Conceived as an unusual pairing of RISD’s library on the first two levels and student housing on the upper floors, 15 West is poised to change the way RISD students work, interact and experience their increasingly urbane campus. “For students, it provides appealing riverside accommodations designed to meet their needs for comfort, security and close proximity to studios,” notes President Roger Mandle. “For the rest of the on- and off-campus communities, who are welcome to use the ground-floor facilities, 15 West offers an attractive destination and a bright spot in the ongoing revitalization of downtown Providence, not to mention helping to reduce the impact of college students on the city's tight housing market.”

To solve the need for appealing, centrally located housing, RISD entered a long-term lease agreement with Gilbane Properties, Inc., which renovated the building in a year. Before designing the interior of 15 West, Mónica Ponce de León of Office dA, the concept architects for the space, and Janet Stegman BAR ’78 of STEGMAN + Associates: Architects, a student housing specialist, talked with students at length to determine exactly how they prefer to live. In response to their preferences, 15 West is configured with three distinct styles of housing: on floors 3-5, each living unit offers two sleeping/living rooms that share a common entrance, a small food prep area and a private bathroom; on floors 6-9, three- and four-person apartments feature single bedrooms, full kitchens and generous living/dining areas; on floors 10 and 11, lofts with private baths come in mini, studio, double and two-bedroom configurations.

“As you go up, the building offers progressively more independent lifestyles,” explains Brian Janes, RISD’s director of Residence Life. “In terms of creating a useful building, it was a really smart way of doing it,” Stegman says. Since students on each floor live in the same type of housing, it helps “reinforce the sense of community,” she says. And the alcove units on floors 3-5 - double rooms with Tyvek-curtained sleeping alcoves for each student - “are very inventive and very special for this particular user group, and may in fact be a good model for other colleges.” Most importantly, Stegman says, the alcove units address the way art students live, with a need for more open space than most but the same desire for privacy.

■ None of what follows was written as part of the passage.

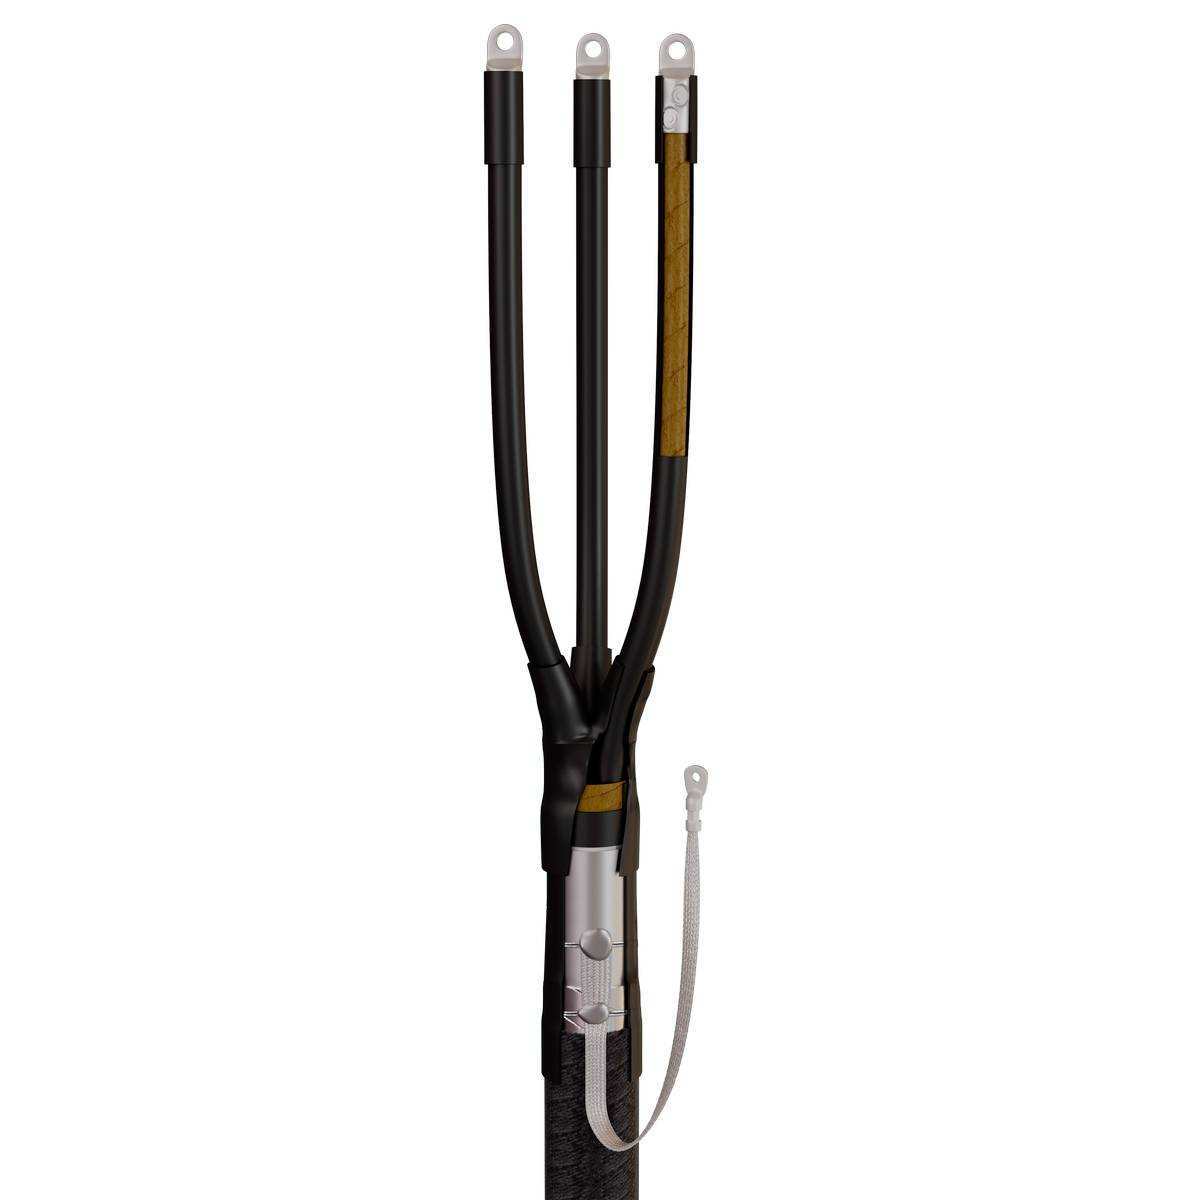 Муфта кабельная концевая 3КВНТп-1-150/240 (Б) (пайка) для кабелей с бумажной или пластмассовой изоляцией до 1кВ с болтовыми наконечниками

All of the housing styles have a spare but warm feel, with large windows, unfinished birch ply cabinetry, Tyvek multipurpose drapes, heavy-duty carpeting and custom furniture from the new Sage line designed by RISD faculty members. “The interior aesthetic is very RISD,” Stegman says; “it's more spare and minimal than at other colleges, which really allows the students to create their own spaces.” Due to the H-shaped configuration of the building and the desire for variation, each housing module is carved out of the overall floor plan differently: some have more walls and smaller rooms, and others have larger, open spaces. “Wherever you are in 15 West, it doesn't have that barracks feel of so many traditional dorms,” notes Janes.

As a convenience to residents of 15 West and anyone else who frequents the west side of campus, a new full-service café has also opened on the ground floor of the building. Designed by ADD Inc in Cambridge, MA and featuring the work of several RISD alumni - who designed everything from wallpaper to lighting fixtures - the portfolio café offers a wide variety of light fare, a coffee bar and extensive cold foods either to go or to enjoy on site, where seating is available for close to 100 people. “15 West is a fabulous project,” Stegman concludes. “It's kind of like kismet, with everything coming together - the donation of the library space, the developer's willingness to give RISD what it wanted, the faculty members who designed a new line of furniture, the café. Everyone went out on a limb to create something students would really appreciate.”